## Tokenization:-

* Tokenization is a fundamental step in Natural Language Processing (NLP). It involves dividing a Textual input into smaller units known as tokens.
* These tokens can be in the form of words, characters, sub-words, or sentences.

```python
from nltk.tokenize import sent_tokenize

text = "Hello everyone. Welcome to GeeksforGeeks. You are studying NLP article."
sent_tokenize(text)

Output: 

['Hello everyone.',
 'Welcome to GeeksforGeeks.',
 'You are studying NLP article']
```

* To learn more on tokenization and its different types, see here:- (https://www.geeksforgeeks.org/nlp/nlp-how-tokenizing-text-sentence-words-works/)

## Stemming:- 

* Stemming is a method in text processing that eliminates prefixes and suffixes from words, transforming them into their fundamental or root form, The main objective of stemming is to streamline and standardize words, enhancing the effectiveness of the natural language processing tasks.
* Simplifying words to their most basic form is called stemming, and it is made easier by stemmers or stemming algorithms. For example, "chocolates" becomes "chocolate" and "retrieval" becomes "retrieve."
* Stemming in natural language processing reduces words to their base or root form, aiding in text normalization for easier processing. This technique is crucial in tasks like text classification, information retrieval, and text summarization.
* While beneficial, stemming has drawbacks, including potential impacts on text readability and occasional inaccuracies in determining the correct root form of a word.

**Impletementation of Porter stemmer (a type of stemming method)**:

```python
from nltk.stem import PorterStemmer

# Create a Porter Stemmer instance
porter_stemmer = PorterStemmer()

# Example words for stemming
words = ["running", "jumps", "happily", "running", "happily"]

# Apply stemming to each word
stemmed_words = [porter_stemmer.stem(word) for word in words]

# Print the results
print("Original words:", words)
print("Stemmed words:", stemmed_words)

Output:

Original words: ['running', 'jumps', 'happily', 'running', 'happily']
Stemmed words: ['run', 'jump', 'happili', 'run', 'happili']
```

* To learn more on stemming and its different types, see here:- (https://www.geeksforgeeks.org/machine-learning/introduction-to-stemming/)

## Lemmatization:

* Lemmatization is a fundamental text pre-processing technique widely applied in natural language processing (NLP) and machine learning.
* Lemmatization is similar to stemming but it brings context to the words. So, it links words with similar meanings to one word.
* Lemmatization is preferred over Stemming because lemmatization does morphological analysis of the words.

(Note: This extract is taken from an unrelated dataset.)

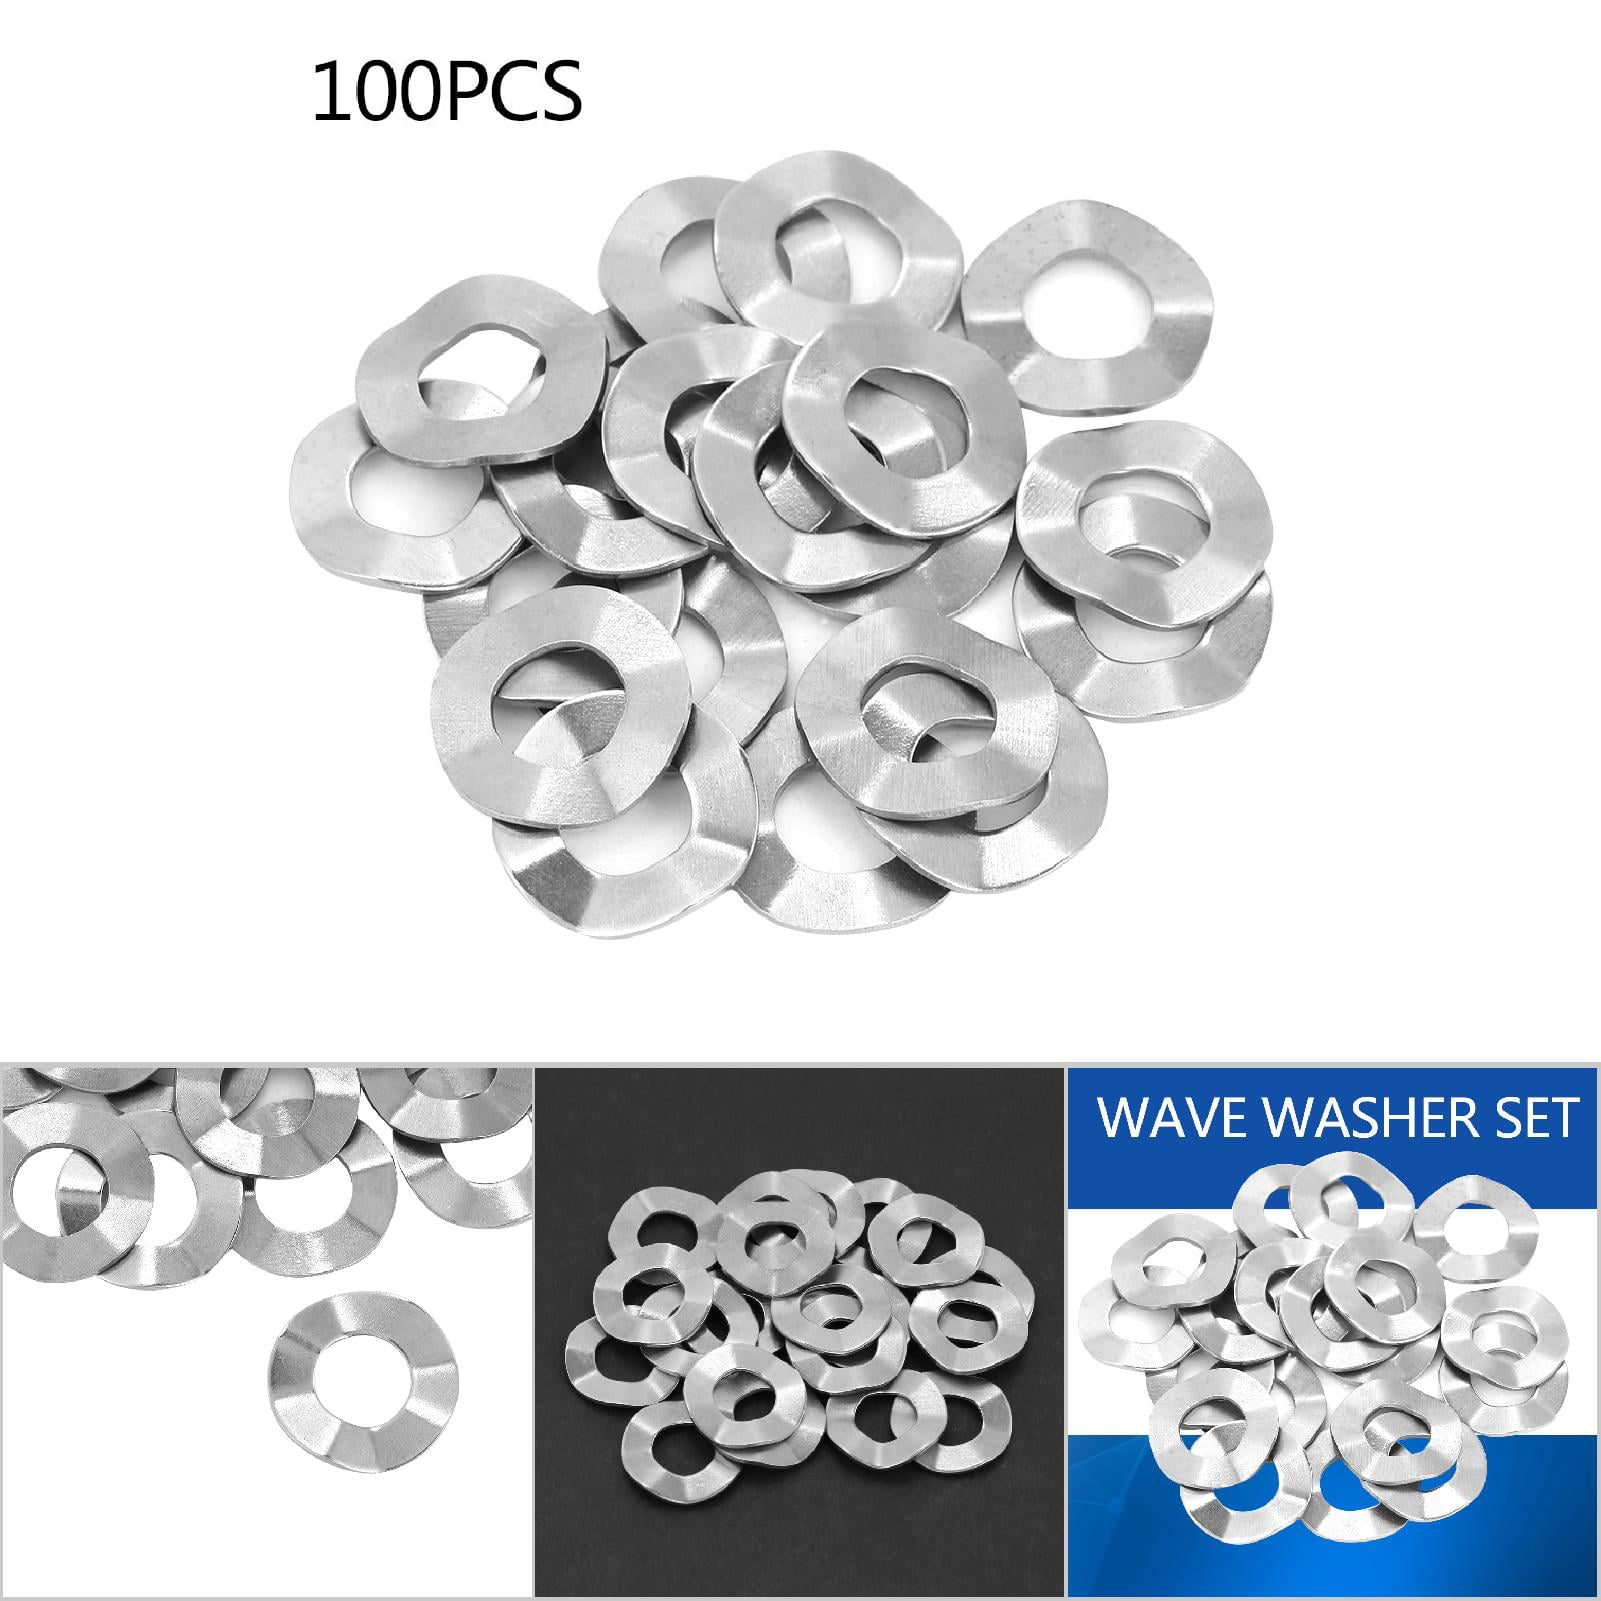 Stainless Steel Wave Washer Gasket Spring Washers Lock Tools Set wtt 
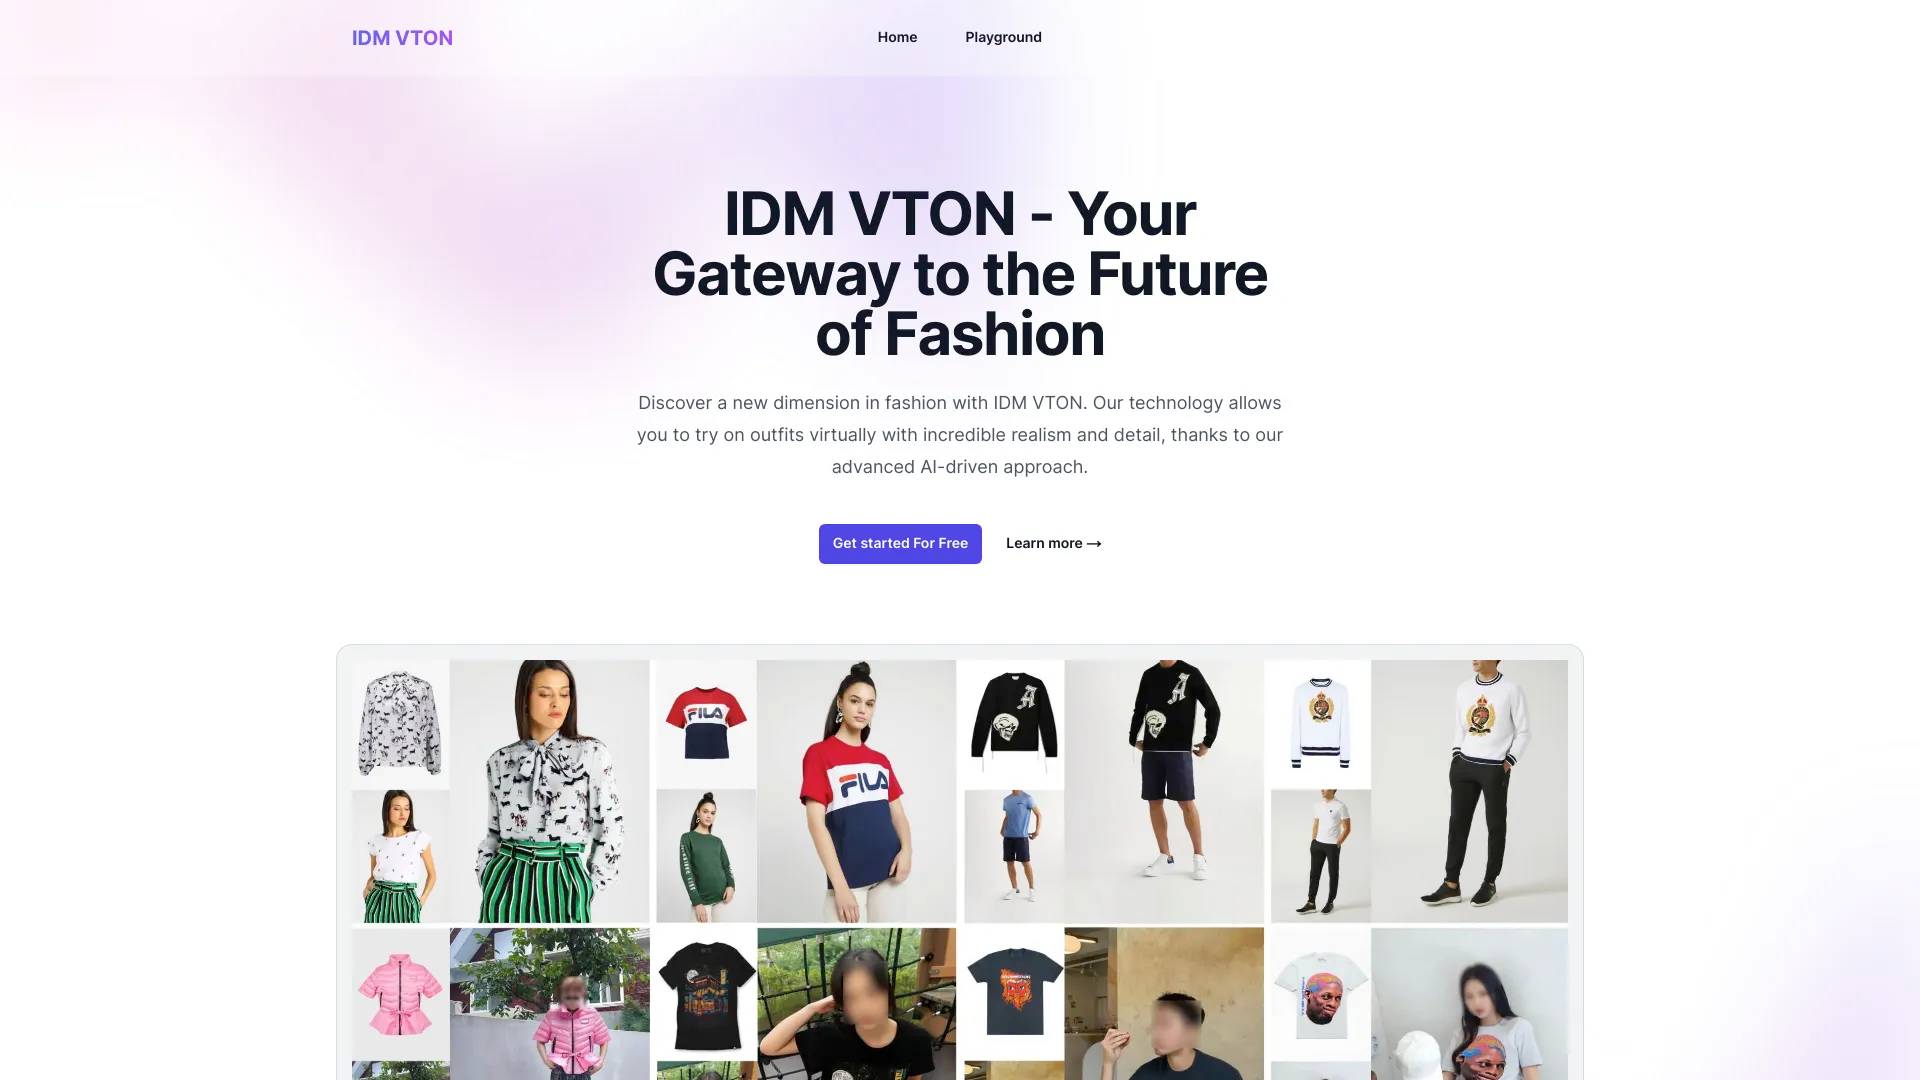 IDM VTON Online - Free Online Access for Virtual Try-Ons screenshot

**Impletementation of Lemmatization**
```python
# import these modules
from nltk.stem import WordNetLemmatizer

lemmatizer = WordNetLemmatizer()

print("rocks :", lemmatizer.lemmatize("rocks"))
print("corpora :", lemmatizer.lemmatize("corpora"))

# a denotes adjective in "pos"
print("better :", lemmatizer.lemmatize("better", pos="a"))

Output:

rocks : rock
corpora : corpus
better : good
```
* To learn more on Lemmatization and its different types, see here:- (https://www.geeksforgeeks.org/python/python-lemmatization-with-nltk/)

In [1]:
import nltk

In [2]:
from nltk.stem import PorterStemmer

In [3]:
porter = PorterStemmer()

In [4]:
porter.stem("Walking")

'walk'

In [5]:
porter.stem("Walked")

'walk'

In [7]:
porter.stem("walks")

'walk'

In [9]:
porter.stem("ran")

'ran'

In [10]:
porter.stem("running")

'run'

In [11]:
porter.stem("bosses")

'boss'

In [12]:
porter.stem("replacement")

'replac'

In [13]:
porter.stem("happily")

'happili'

In [15]:
sentence = "Lemmatization is more sophisticated than stemming".split()
sentence

['Lemmatization', 'is', 'more', 'sophisticated', 'than', 'stemming']

In [21]:
for token in sentence:
    print(porter.stem(token), end=" ")

lemmat is more sophist than stem 

In [22]:
for token in sentence:
    print(porter.stem(token), end="/")

lemmat/is/more/sophist/than/stem/

In [18]:
for token in sentence:
    print(porter.stem(token))

lemmat
is
more
sophist
than
stem


In [23]:
porter.stem("unnecessary")

'unnecessari'

In [24]:
porter.stem("berry")

'berri'

In [25]:
from nltk.stem import WordNetLemmatizer

In [26]:
nltk.download("wordnet")

[nltk_data] Downloading package wordnet to C:\Users\Deepam
[nltk_data]     Shah\AppData\Roaming\nltk_data...


True

### **Wordnet**:
> Wordnet is a publicly available lexical database of over 200 languages that provides semantic relationships between its words. It is one of the earliest and most commonly used lemmatizer technique. It is present in the nltk library in python. It groups synonyms in the form of synsets.

In [27]:
from nltk.corpus import wordnet

In [28]:
lemmatizer = WordNetLemmatizer()

In [43]:
lemmatizer.lemmatize("walking") # lemmatizer need parts of speech(pos) for every word,
# if not given it by default takes pos of that word as a noun and does operates that word
# on the basis of noun, here it takes walking as noun but it is not, it's a verb actually,
# lemmatizer produced the same output if given incorrect pos.

'walking'

In [32]:
lemmatizer.lemmatize("walking", pos=wordnet.VERB)

'walk'

In [34]:
lemmatizer.lemmatize("going")

'going'

In [36]:
lemmatizer.lemmatize("going", pos=wordnet.VERB)

'go'

In [37]:
lemmatizer.lemmatize("ran", pos=wordnet.VERB)

'run'

In [38]:
porter.stem("mice")

'mice'

In [41]:
lemmatizer.lemmatize("mice")

'mouse'

In [44]:
porter.stem("was")

'wa'

In [46]:
lemmatizer.lemmatize("was", pos=wordnet.VERB)

'be'

In [47]:
porter.stem("is")

'is'

In [48]:
lemmatizer.lemmatize("is", pos=wordnet.VERB)

'be'

In [49]:
porter.stem("better")

'better'

In [50]:
lemmatizer.lemmatize("better", pos=wordnet.ADJ)

'good'

In [51]:
def get_wordnet_pos(treebank_tag):
    if treebank_tag.startswith('J'):
        return wordnet.ADJ
    elif treebank_tag.startswith('V'):
        return wordnet.VERB
    elif treebank_tag.startswith('N'):
        return wordnet.NOUN
    elif treebank_tag.startswith('R'):
        return wordnet.ADV
    else: 
        return wordnet.NOUN

In [52]:
nltk.download('averaged_perceptron_tagger')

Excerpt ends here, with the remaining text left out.